Published on November 4, 2023, 8:27 am
Google’s DeepMind team recently introduced Open X-Embodiment, a database of robotics functionality created in collaboration with 33 research institutes. Similar to the ImageNet database for computer vision, Open X-Embodiment aims to advance robotics research and training by providing a diverse set of robot demonstrations. The initial release of Open X-Embodiment included over 500 skills and 150,000 tasks from 22 robot embodiments.
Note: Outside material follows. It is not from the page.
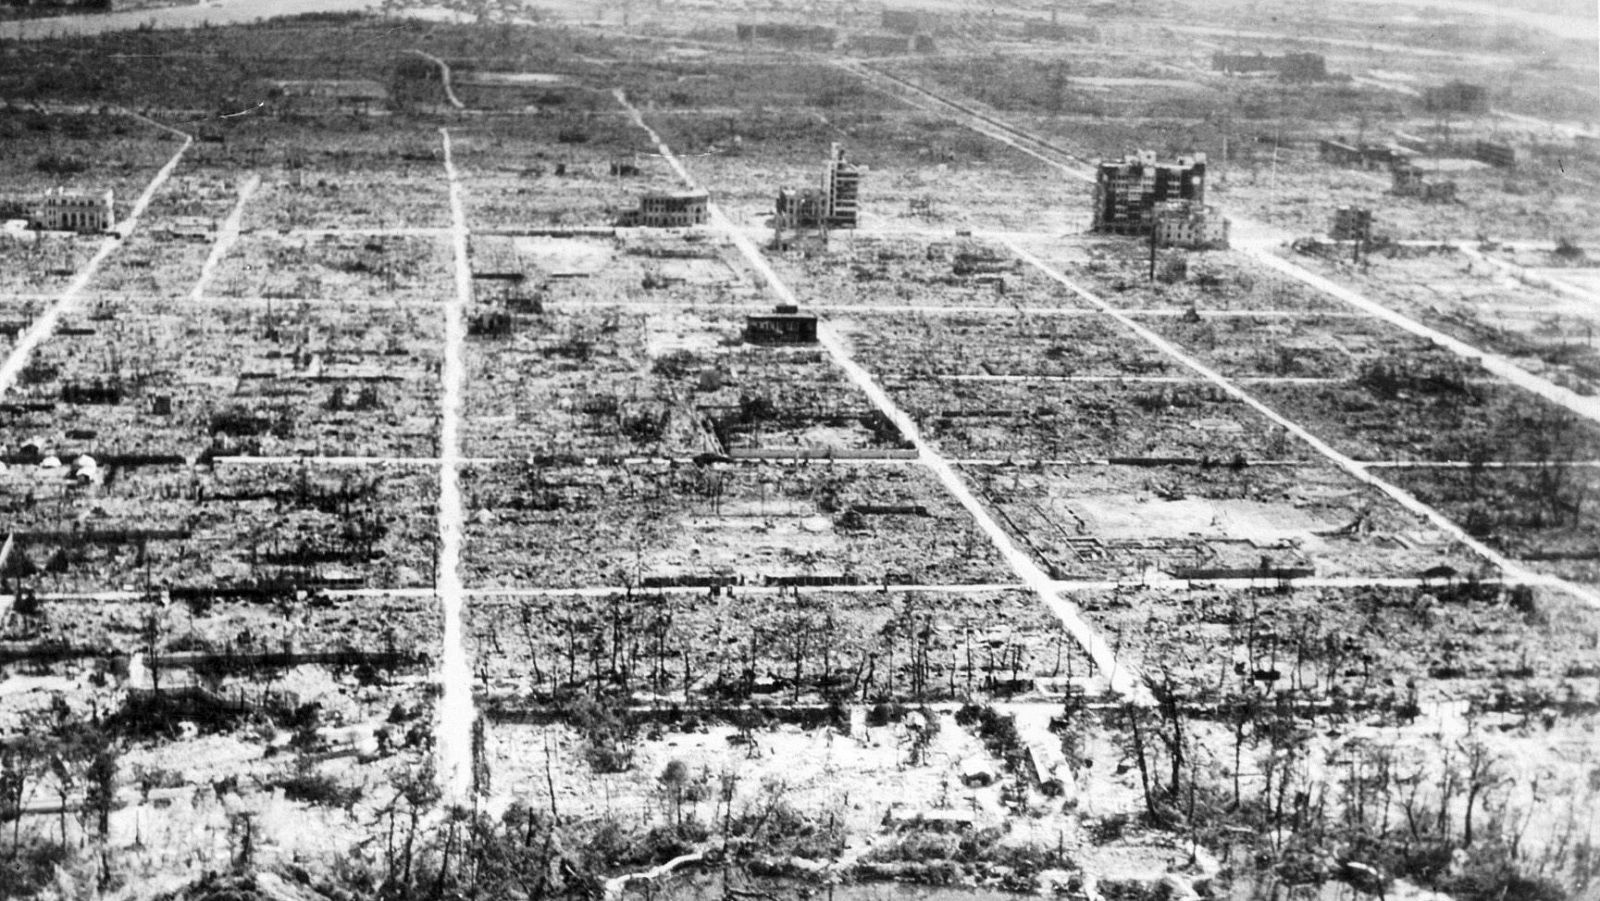 Vista aérea de Hiroshima, totalmente arrasada tras el lanzamiento de la bomba nuclear.

DeepMind then trained its RT-1-X model on this data and used it to train robots in other labs, achieving a 50% success rate compared to their in-house methods. This development highlights the exciting advancements taking place in robotic learning.
Vincent Vanhoucke, Google DeepMind’s Head of Robotics, discussed how the robotics team came about within DeepMind. While there is a longer history of robotics research at Google DeepMind, the recent merger between Google Research and DeepMind sparked an increasing interest in real-world robotics due to significant improvements in perception technology. Vanhoucke mentioned that his involvement with DeepMind is relatively recent but stems from his background in general AI and computer vision.
Vanhoucke acknowledged that a portion of his team originated from Google’s acquisitions in the robotics field, such as Boston Dynamics. He emphasized how these past acquisitions contributed to the understanding that the challenges faced by robotics are closely tied to those of general AI. By leveraging strong AI capabilities, they aim to develop general-purpose methods applicable across various robot embodiments and form factors.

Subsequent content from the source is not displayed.